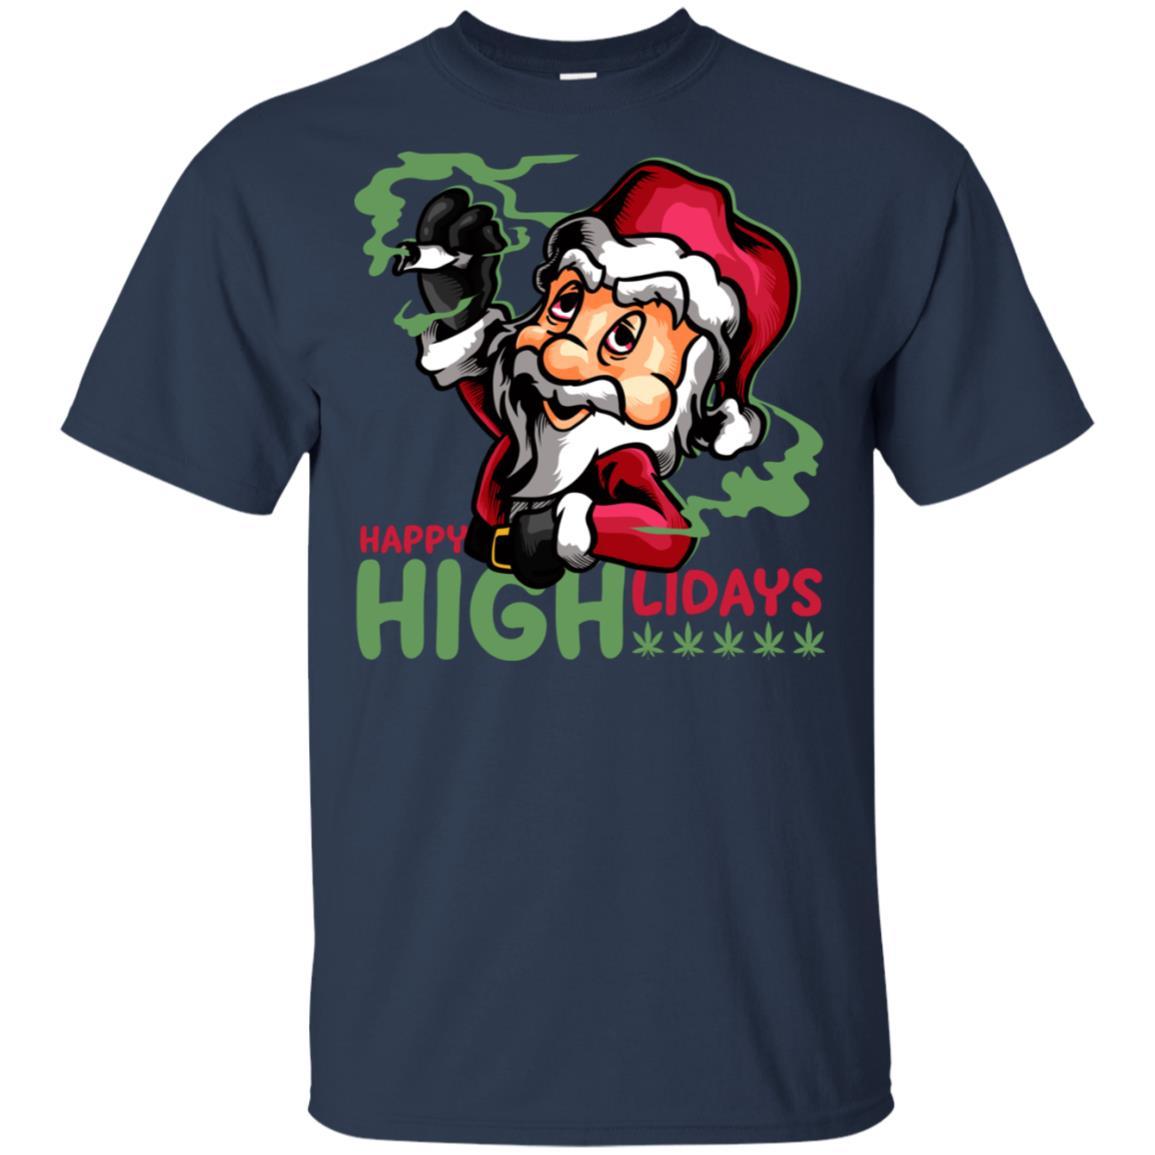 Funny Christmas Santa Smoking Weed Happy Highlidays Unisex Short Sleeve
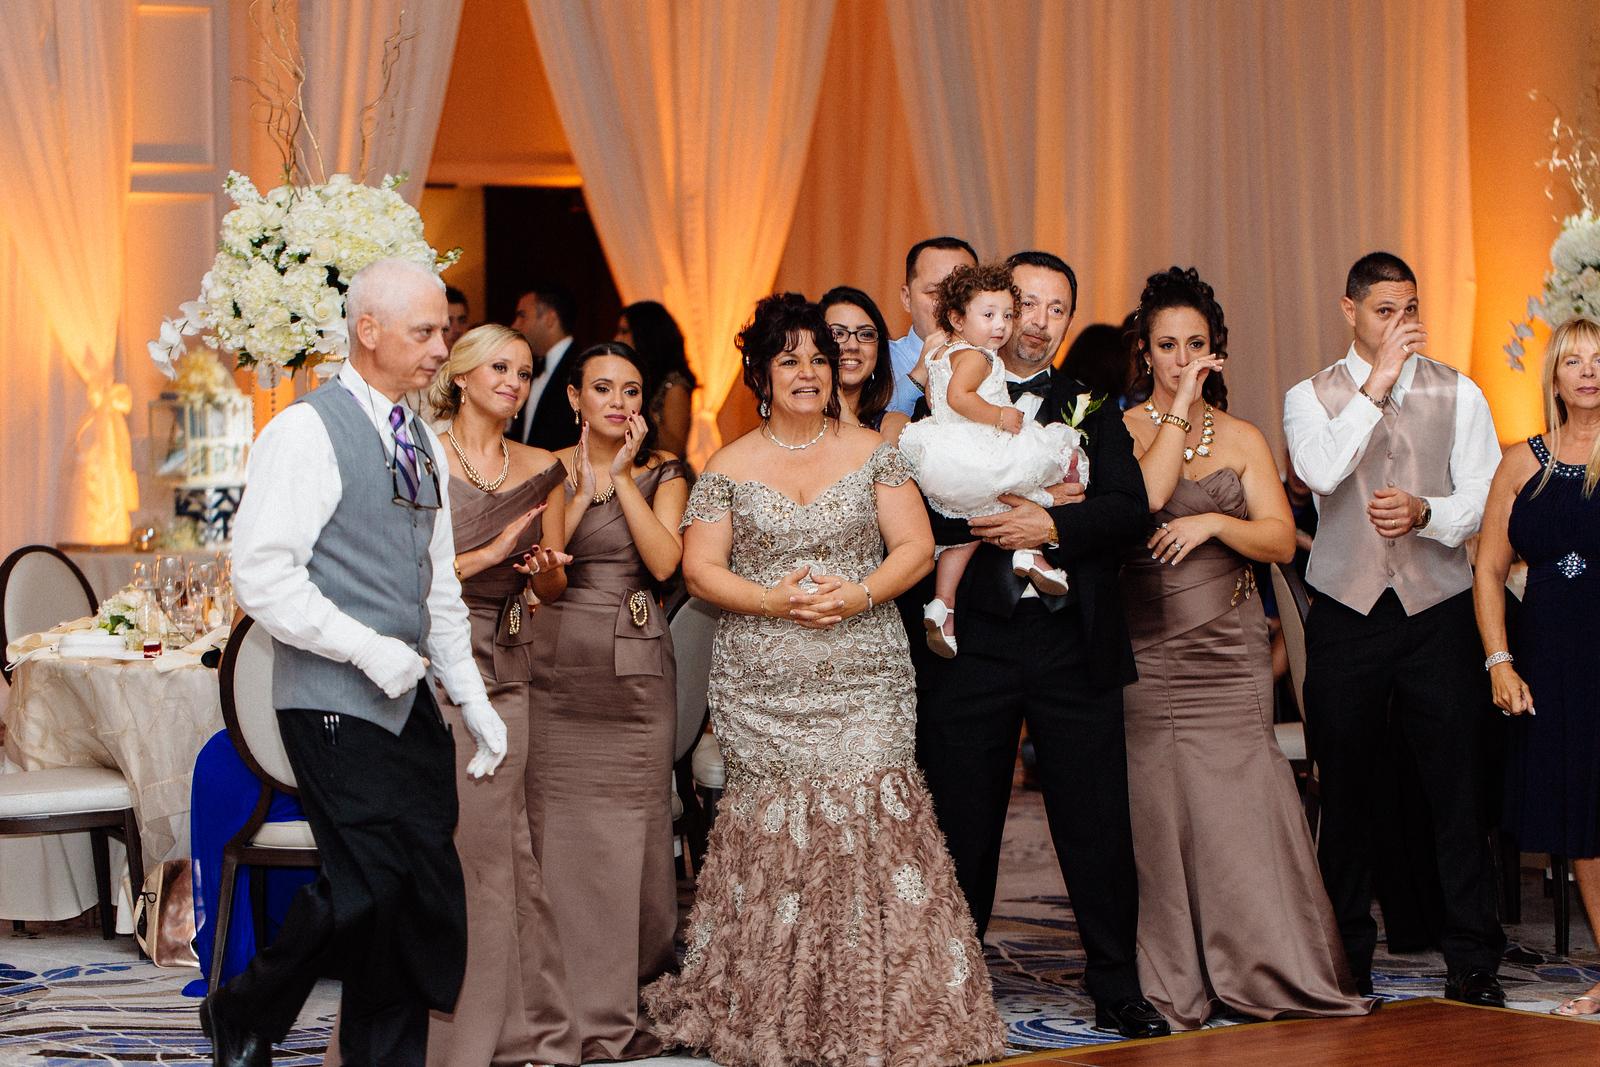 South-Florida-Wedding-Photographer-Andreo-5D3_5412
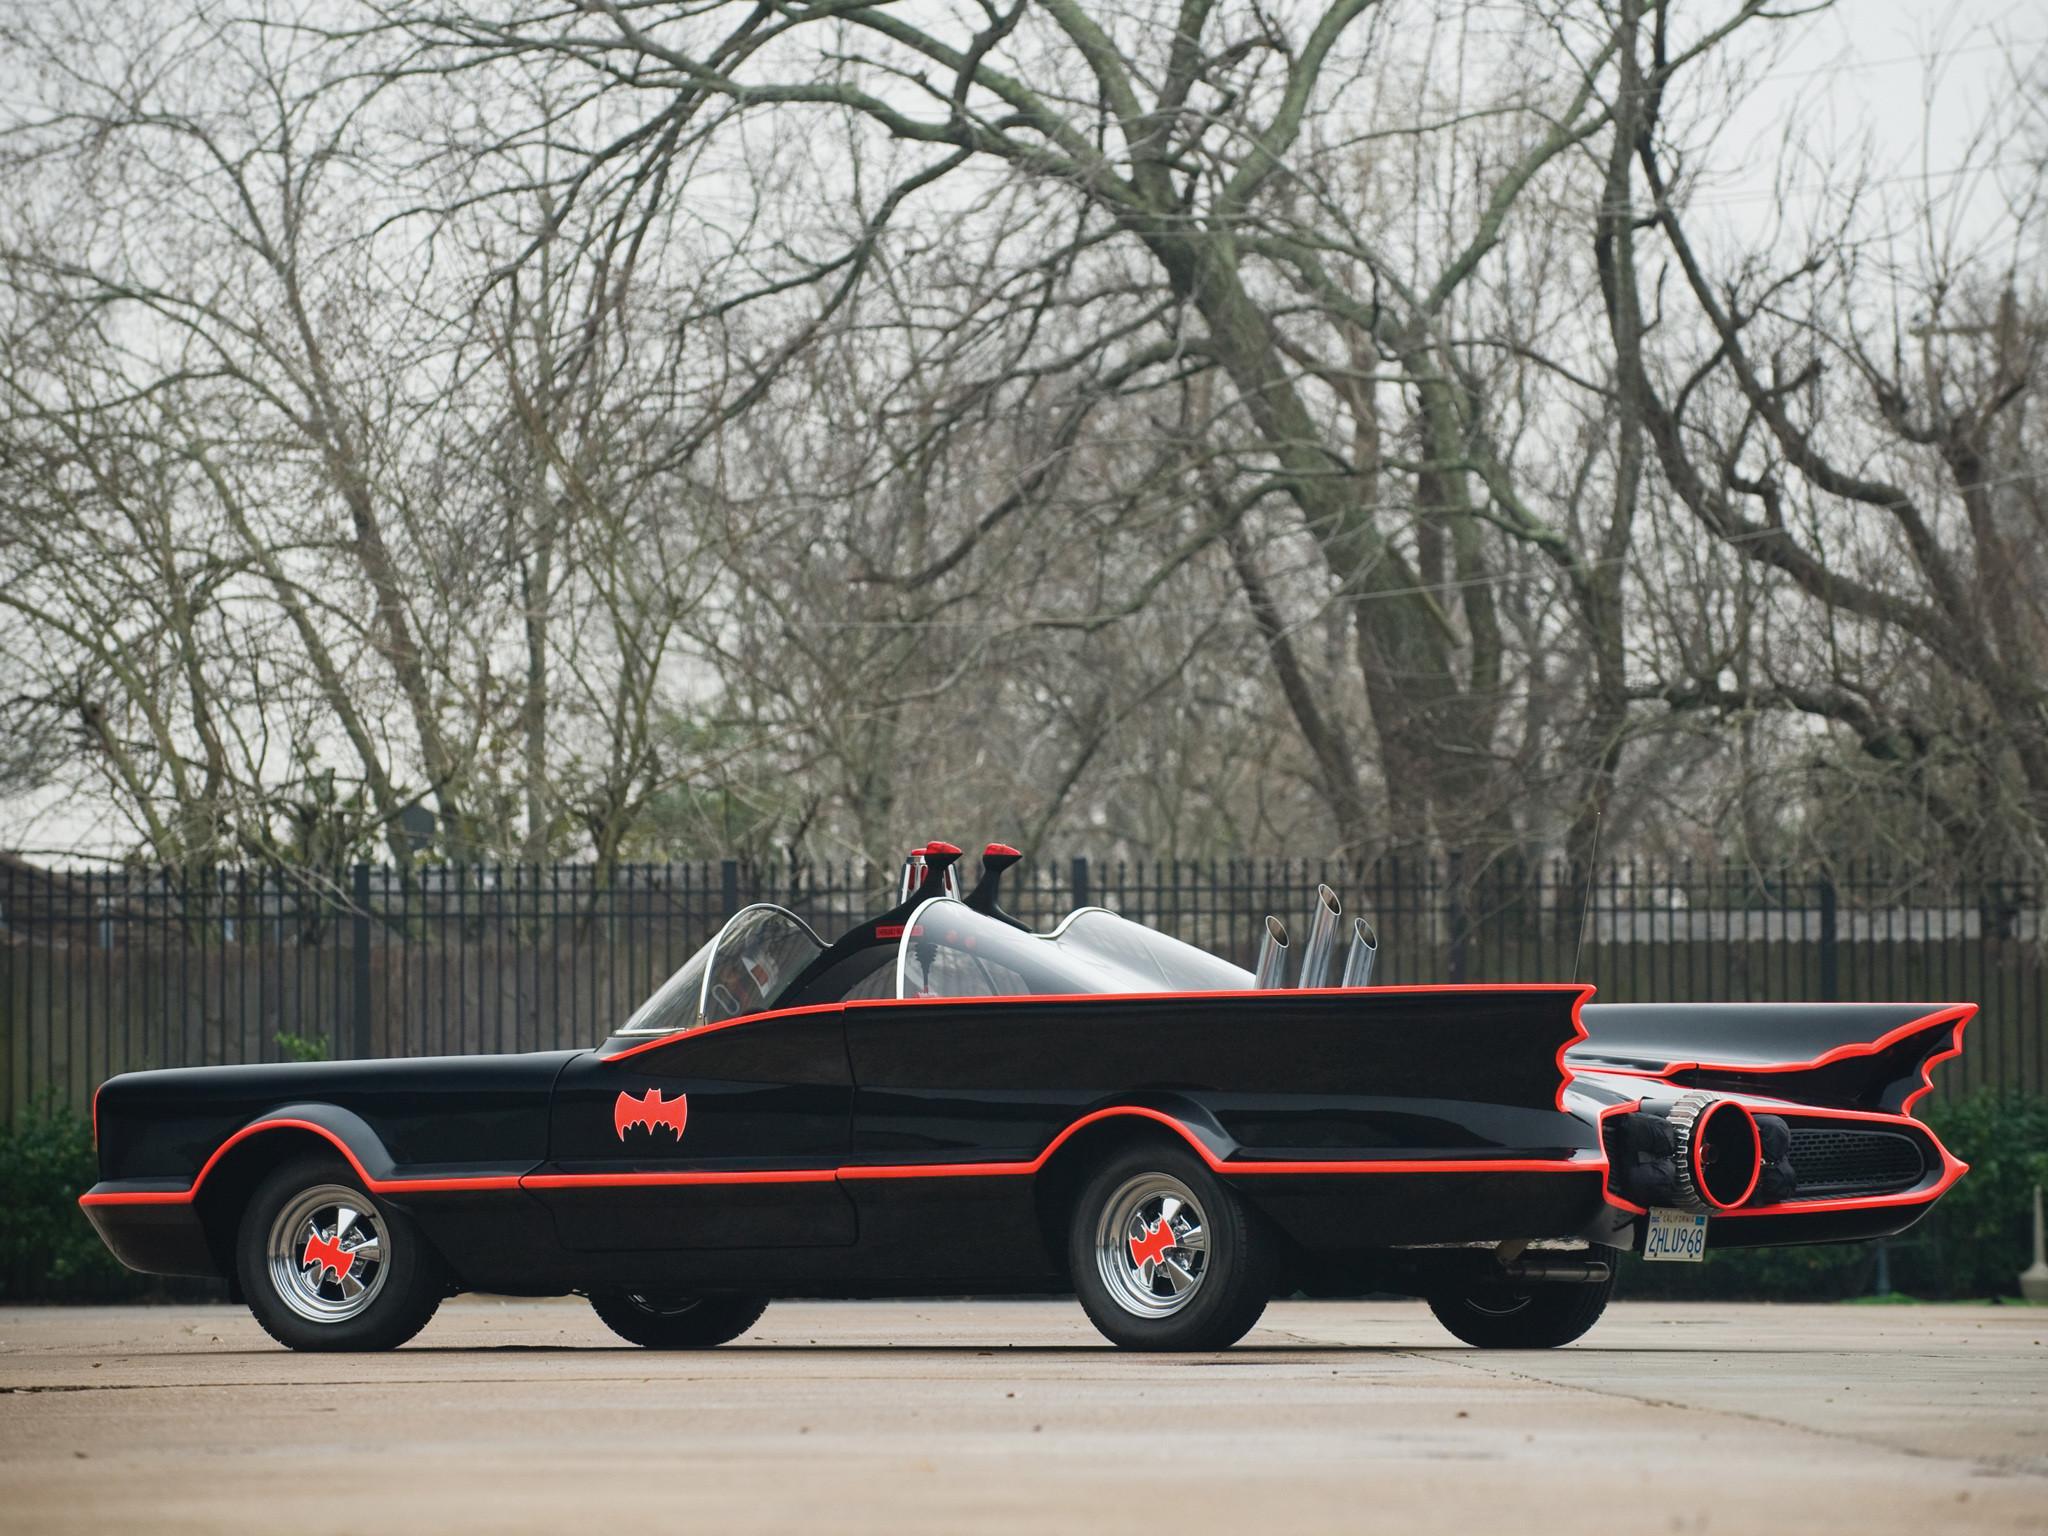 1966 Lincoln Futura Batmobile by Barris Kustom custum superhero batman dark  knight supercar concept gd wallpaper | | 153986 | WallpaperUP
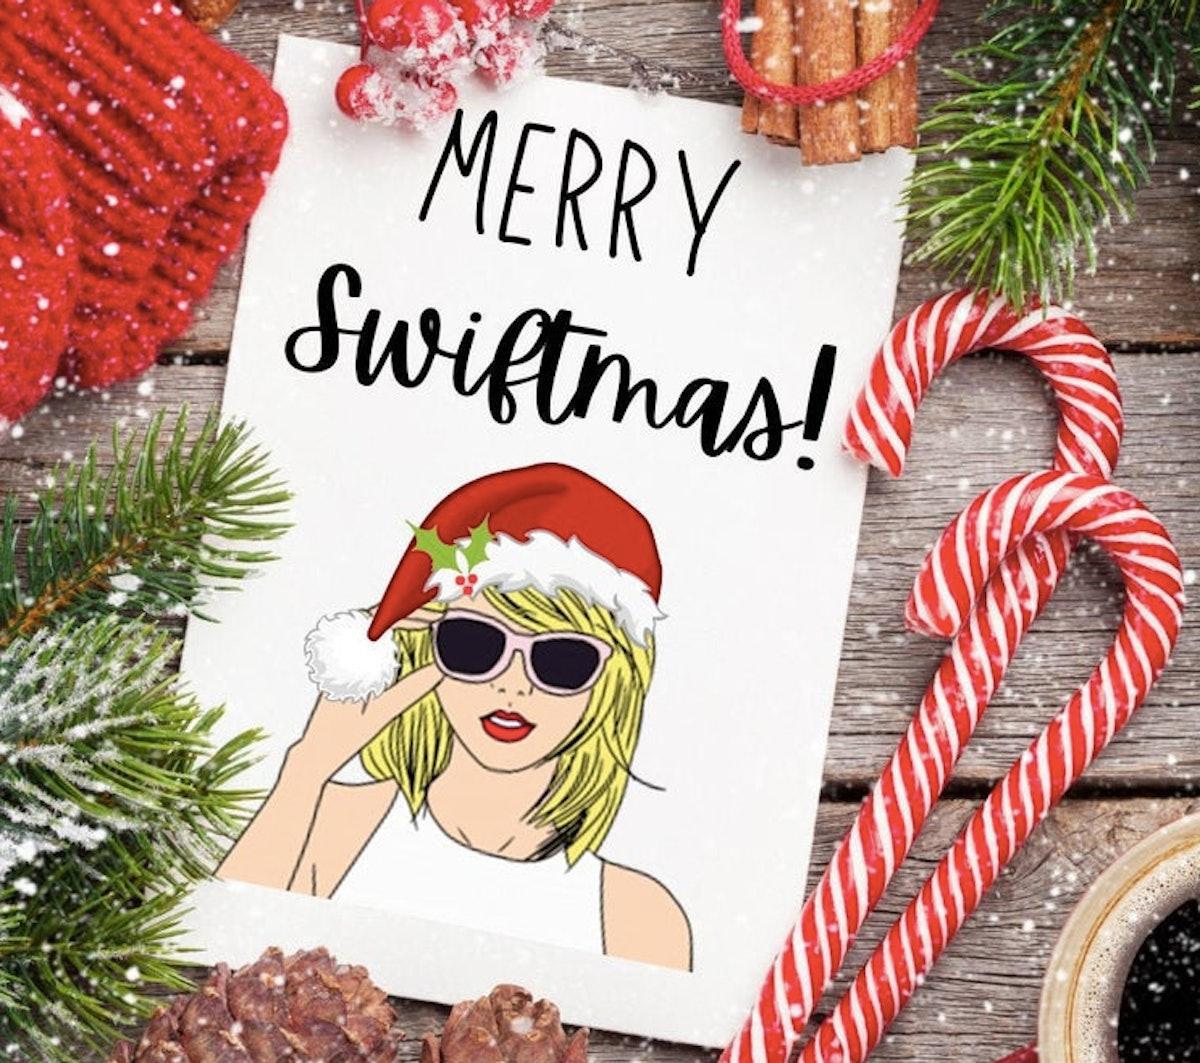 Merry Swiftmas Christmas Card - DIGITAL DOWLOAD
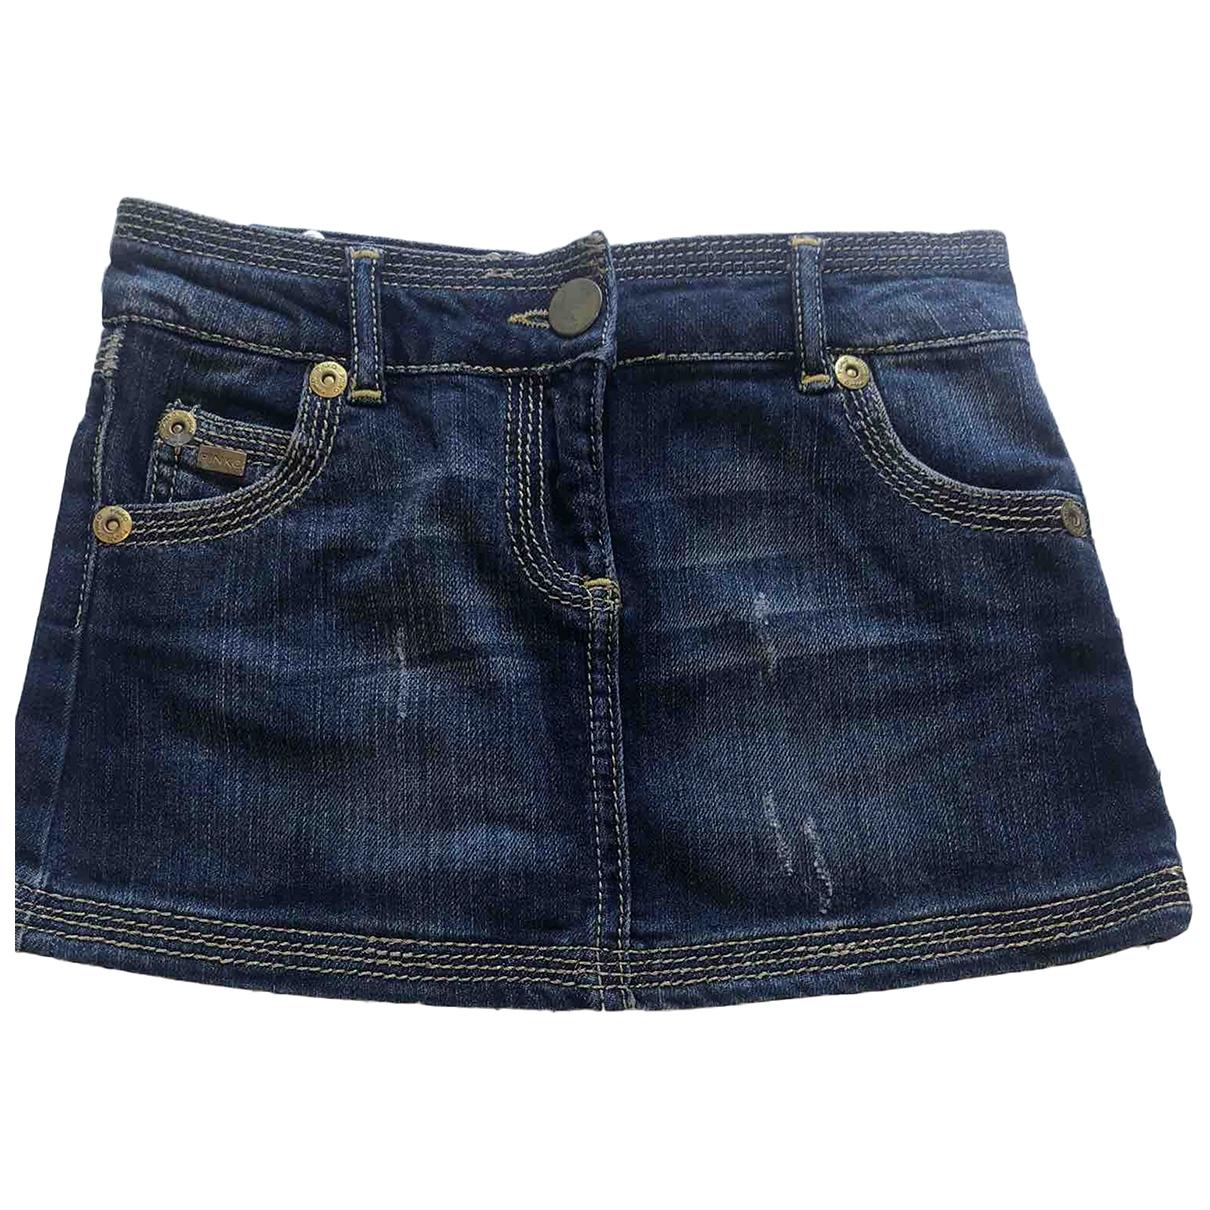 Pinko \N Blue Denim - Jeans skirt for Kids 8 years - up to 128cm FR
+ + + +
Write every line above again exactly, but leave the pictures out.

» WRITTEN SOLUTION:
 Funny Christmas Santa Smoking Weed Happy Highlidays Unisex Short Sleeve
 South-Florida-Wedding-Photographer-Andreo-5D3_5412
 1966 Lincoln Futura Batmobile by Barris Kustom custum superhero batman dark  knight supercar concept gd wallpaper | | 153986 | WallpaperUP
 Merry Swiftmas Christmas Card - DIGITAL DOWLOAD
 Pinko \N Blue Denim - Jeans skirt for Kids 8 years - up to 128cm FR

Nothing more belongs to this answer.